Local maximum: $(3,162),\ $
No absolute minimum.
Local minimum: $(-3,-162)$
Work Step by Step
$K(t) $is defined everywhere.
$K'(t)=45t^{2}-5t^{4}=5t^{2}(9-t^{2})$
$K'(0)=0$ for $x=-3,0$ and $ 3\quad$... critical points.
$K(-3)=-162,\qquad K(0)=0,\qquad K(3)=162$
The end behavior of a polynomial is dictated by the leading term $(-t^{5})$,
so $ K(t)\rightarrow +\infty$ on the far left and $ K(t)\rightarrow -\infty$ on the far right.

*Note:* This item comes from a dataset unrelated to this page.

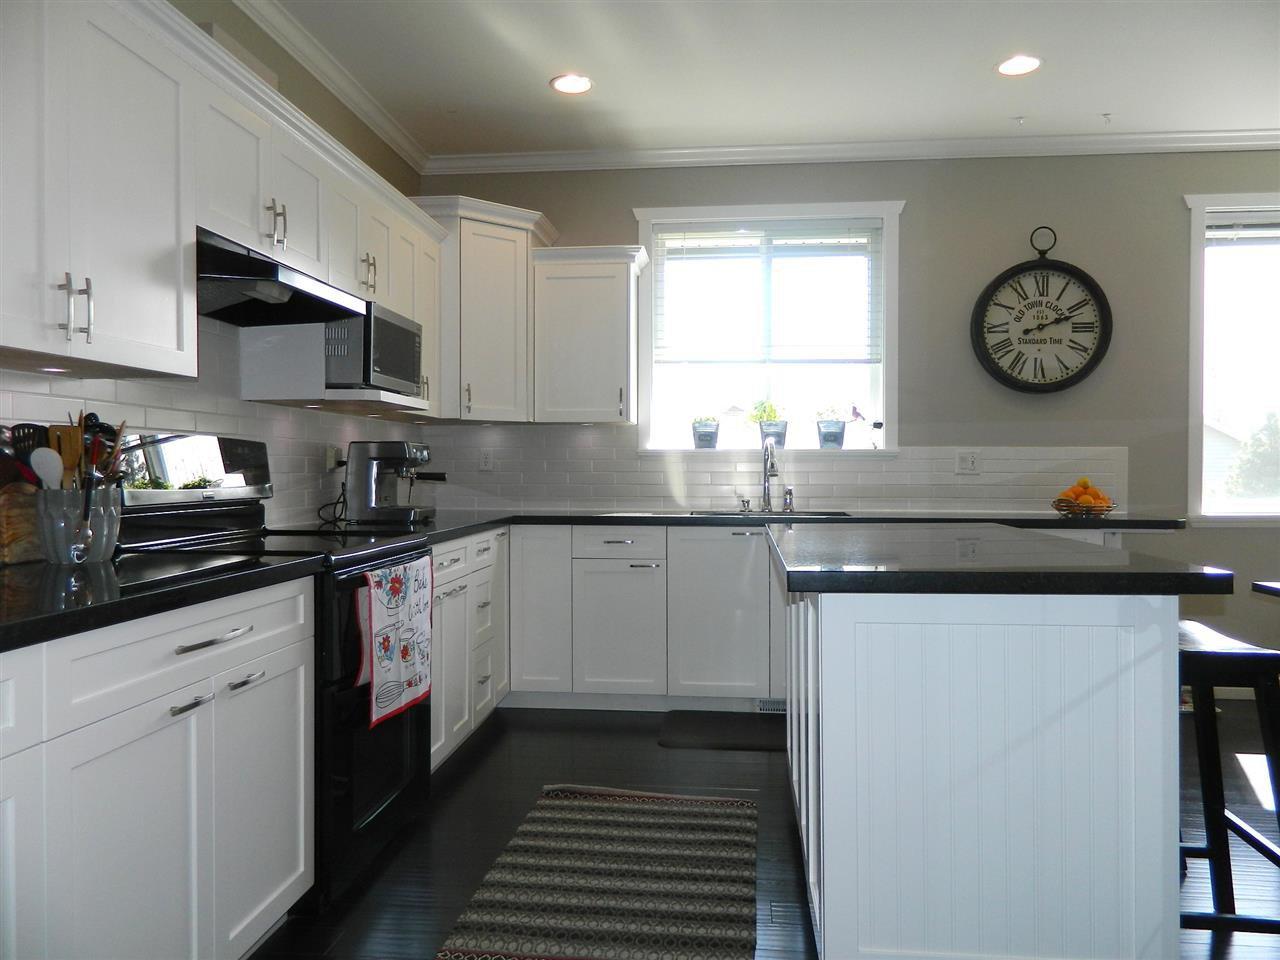 Photo 7: Photos: 24332 104 AVENUE in Maple Ridge: Albion House for sale : MLS®# R2051414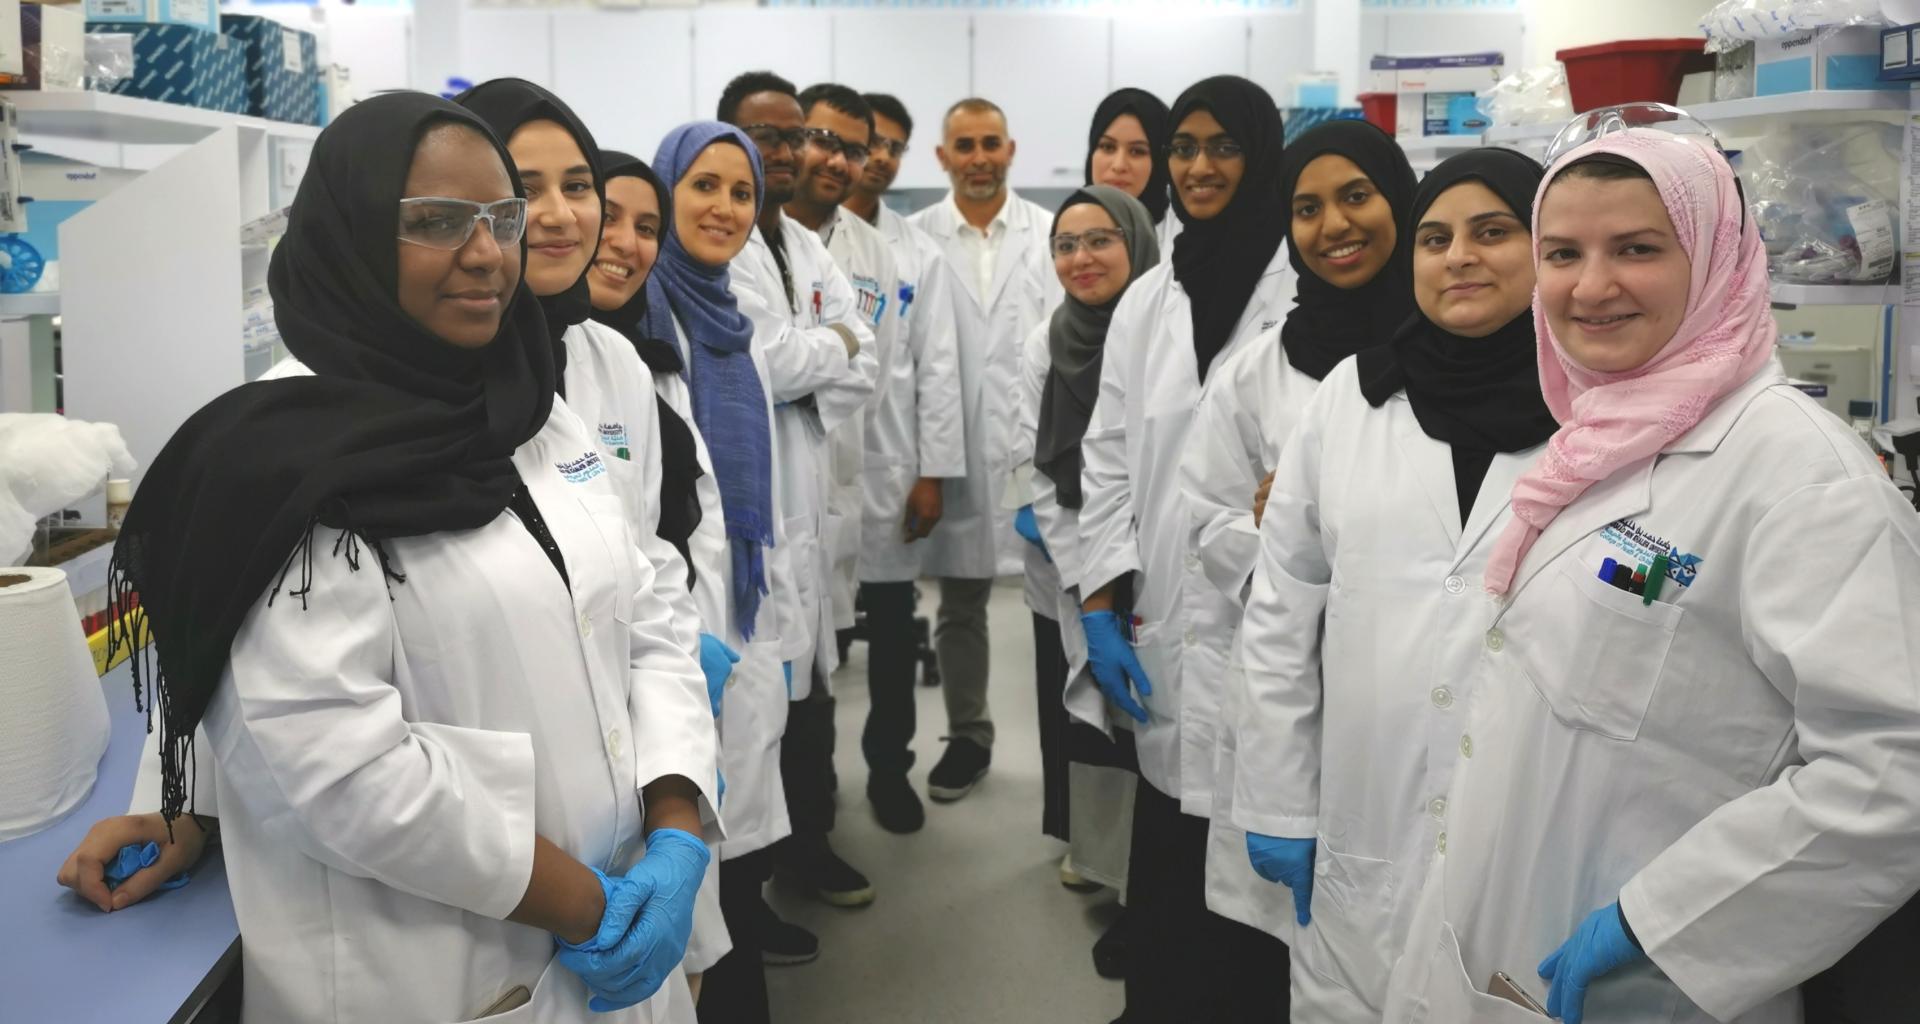 HBKU's CHLS Workshop Advances Laboratory Skills of Graduate Students

Using testpoints in the intervals between critical points,
$K'(-4)=-560 \lt 0$
$K'(-1)=40\gt 0$
$K'(1)=40 \gt 0$
$K'(4)=-560 \lt 0$
Tabular view:
$\begin{array}{l}
K':\\
\\
\\
K:
\end{array} \begin{array}{lllllllll}
-\infty & & -3 & & 0 & & 3 & & \infty\\
( & -- & | & ++ & | & ++ & | & -- & )\\
& & & & & & & & \\
+\infty & \searrow & & \nearrow & & \nearrow & 162 & \searrow & \\
& & -162 & & 0 & & & & -\infty\\
& & & & & & & &
\end{array}$
(a)
Increasing on $(-3,0)\cup(0,3)$
Decreasing on $(-\infty, -3)\cup(3, \infty)$
(b)
No absolute maximum.
Local maximum: $(3,162),\ $
No absolute minimum.
Local minimum: $(-3,-162)$